● DIRECTIONS FOR THIS TASK:
Beneath this instruction is a listing; print exactly the lines in it starting at the line that contains "Polemic - Tričko Logo - Žena, Červená, XL" and going through the line that contains "BDI Cavo Triple-Wide".

● SUPPLIED MATERIAL:

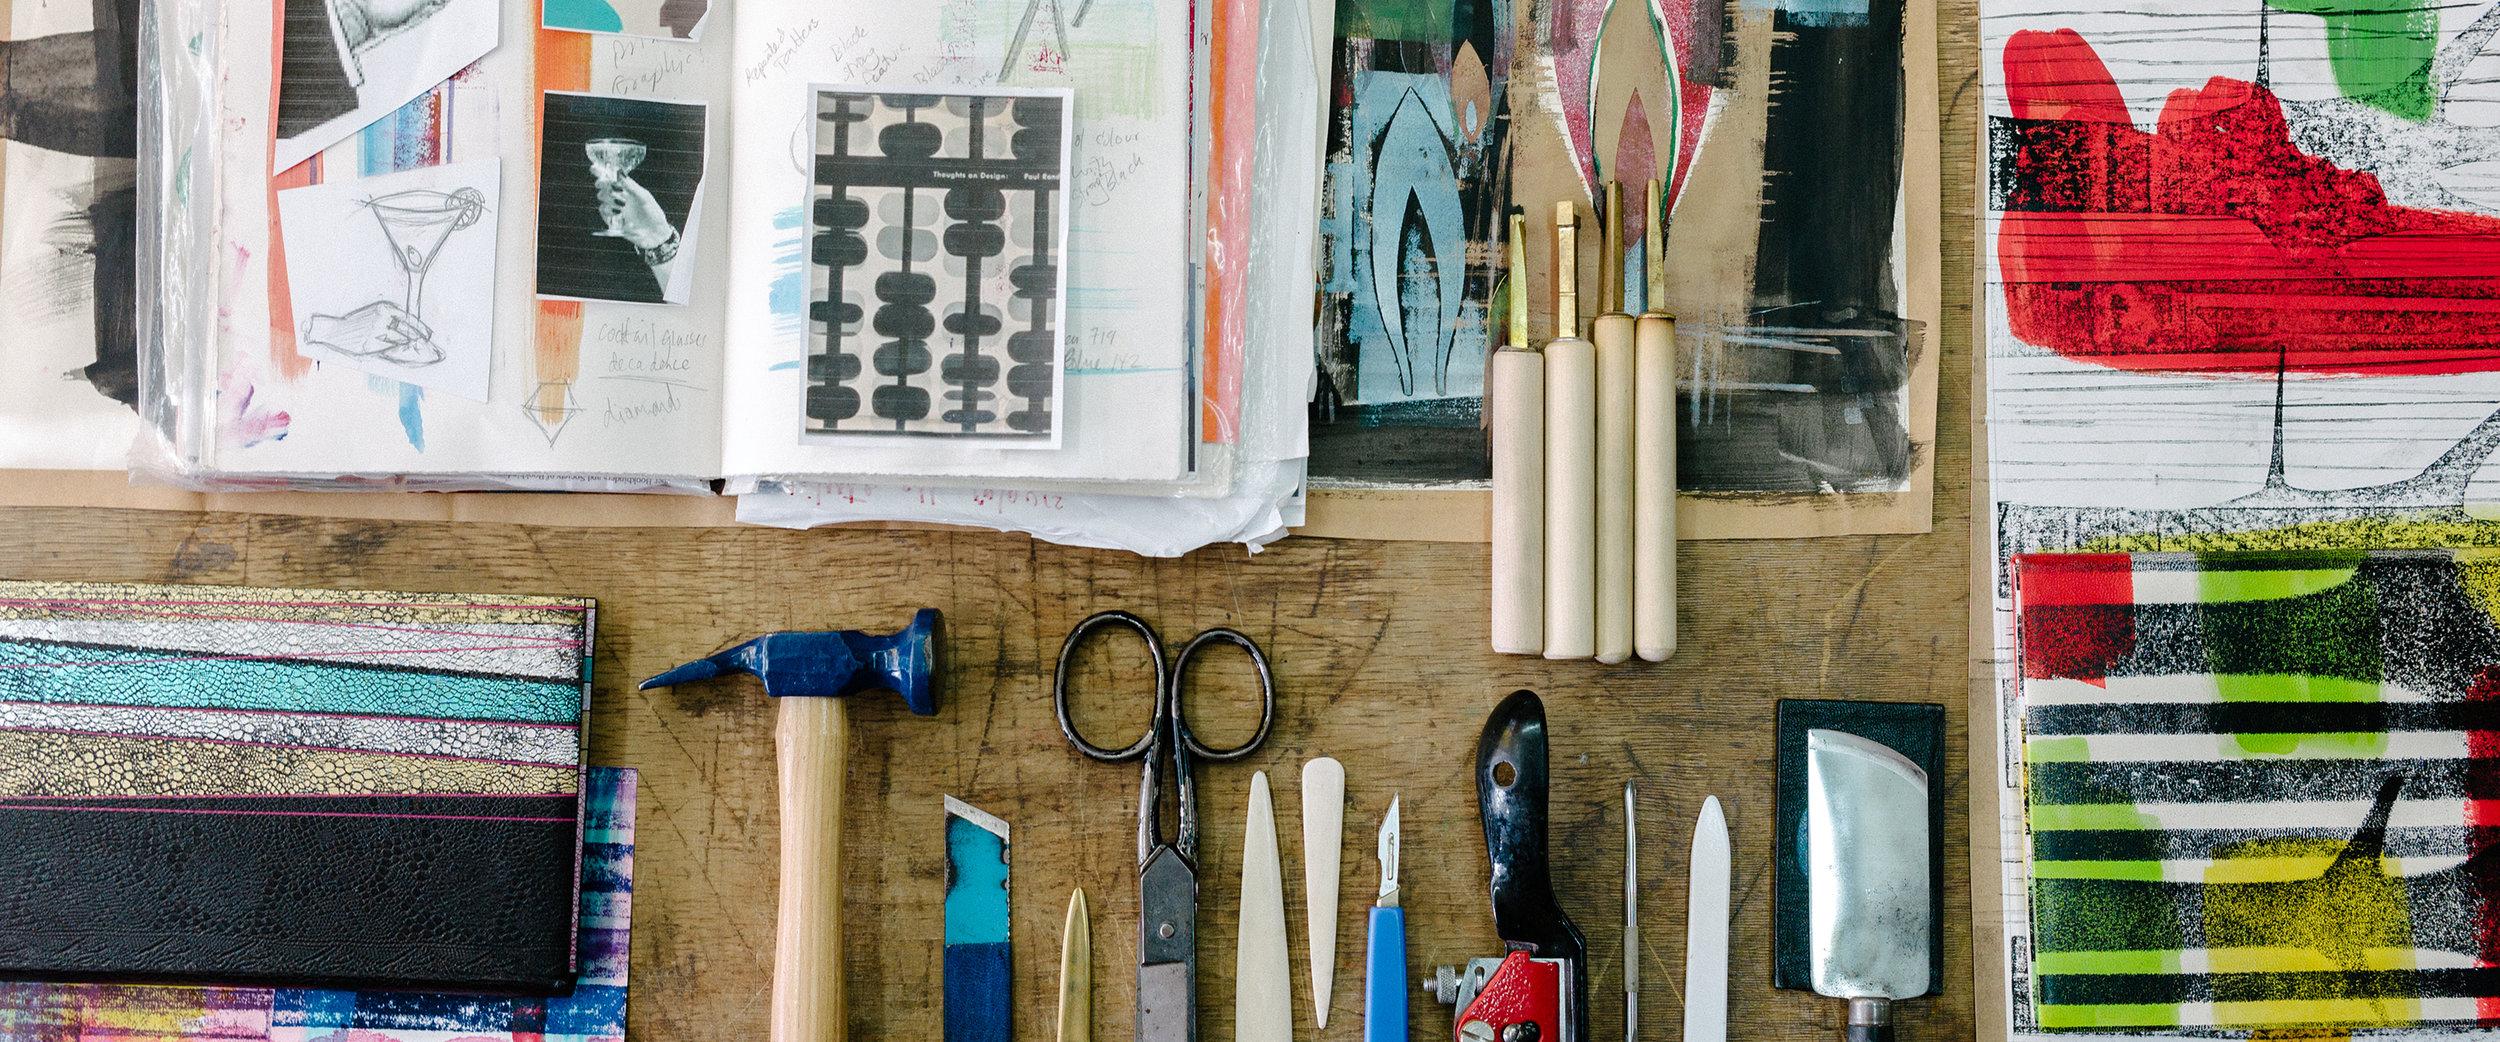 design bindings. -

---

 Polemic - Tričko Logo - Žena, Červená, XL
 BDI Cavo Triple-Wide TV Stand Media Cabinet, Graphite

● SOLUTION TO THIS PROBLEM:
 Polemic - Tričko Logo - Žena, Červená, XL
 BDI Cavo Triple-Wide TV Stand Media Cabinet, Graphite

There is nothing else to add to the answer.